Pizza is probably the first thing that pops into your head when you hear Italy, and you are not alone in that. But when you hear pizza slice, you may think of the American style one. Well, after you try a Roman-style pizza slice (it. Pizza al Taglio), your association will change.
In Rome, pizza al taglio is considered fast food or roman street food. It is charged by kilo based on the toppings on the slice or type of pizza. Another unusual thing for you may be that pizza slices are rectangle-shaped and not triangle. Pizza al taglio usually has a variety of flavor combinations and makes for a perfect on-the-go lunch while strolling around Rome.
Continuing with the category of roman street food, suppli is another Roman food you must try while in Rome. Suppli are delicious deep-fried rice balls. The crisp breading contains creamy rice with meat and tomato sauce.
Once you bite into its center, you will find a delightful surprise – a melted, oozing piece of mozzarella cheese. You can find this Roman snack in almost every pizza takeaway place or Roman deli.
Artichokes are a seasonal food in Rome. So if you are visiting the Eternal city in autumn, you need to try them.
There are two popular styles of preparing artichokes in Rome. The first one is called Carciofi Alla Giudea – Jewish-style artichokes you can find in the roman Jewish Ghetto. This dish is prepared by deep-frying artichokes while the Roman Style – Carciofi Alla Romana is a stew cooked with parsley, garlic, and mint.
Artichokes may not sound appealing to many, but trust us on this one. This seasonal ingredient will leave you feeling like a real roman local after tasting it.
The name of this dish translates to ‘Jump into the mouth.’ If that doesn’t make you want to have a taste of it, we don’t know what will. Saltimbocca is a staple of Rome street food.
This Roman dish is usually made with pounded veal, sage, and prosciutto. Rolled meat gets cooked in butter and white wine. Saltimbocca melts in your mouth, and the name does this Roman dish justice.
Porchetta is a tasty pork roast. The meat gets deboned, then rolled and spit-roasted with an abundance of herbs. The roasting result is delicious tender meat with a crispy outside. Porchetta is also a key ingredient in Rome street food sandwiches, and you can find it in markets and delis around the city.
7. Osso Buco
This dish is a hearty meal of cross-cut veal cooked with vegetables in a white wine broth. The meal is usually served with risotto or polenta. The name Osso Bucco in Italian means bone with a hole, which is a reference to the bone marrow of the veal shank. The bone marrow is a defining feature of this Italian dish and is a prized delicacy.
8. Cicoria Ripassata
Leafy greens don’t sound very appealing to most of us, but this roman dish is worth mentioning. Italians are masters when it comes to preparing seasonal vegetables and food in a simple yet delicious way. Therefore even humble chicory becomes a delicacy on Roman menus.

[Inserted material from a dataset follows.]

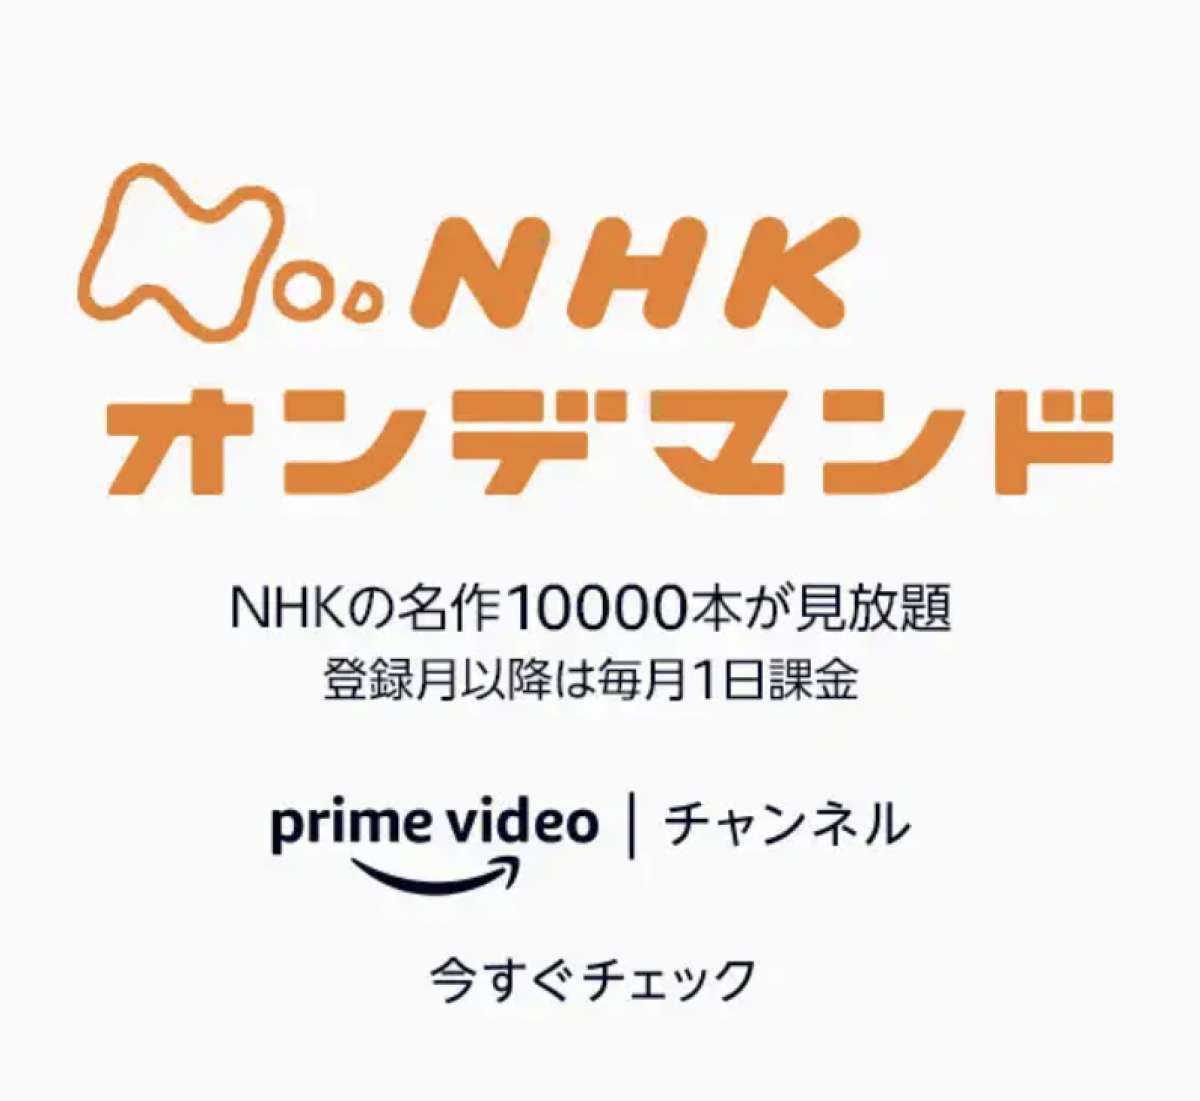 Amazon Prime Videoチャンネル NHKオンデマンド

Chicory gets sauteed in olive oil, crushed red pepper, and garlic. The savory, bitter taste will delight you and come as a perfect side dish for your main meal. You can find chicory in almost every restaurant in Rome, so be sure not to skip it.
Maritozzi are sweet bread rolls filled with whipped cream, there is a version with chocolate chips as well. This sweet pastry is a standard item on the roman breakfast menu combined with an espresso or a cappuccino. Romans tend to go for a sweet breakfast, and this tasty baked good is a great way to start your day and get the fuel needed for your Rome sightseeing.
10. Torta Ricotta e Visciole
We all know that no meal is complete without a tasty dessert at the end, and the Romans agree with us. This ricotta and sour cherry is an ideal dessert to finish off your roman menu. These two flavors complement each other perfectly and make a tasty tart dessert that will satisfy your inner foodie. You can find this cake on many restaurant menus in Rome’s Jewish neighborhood.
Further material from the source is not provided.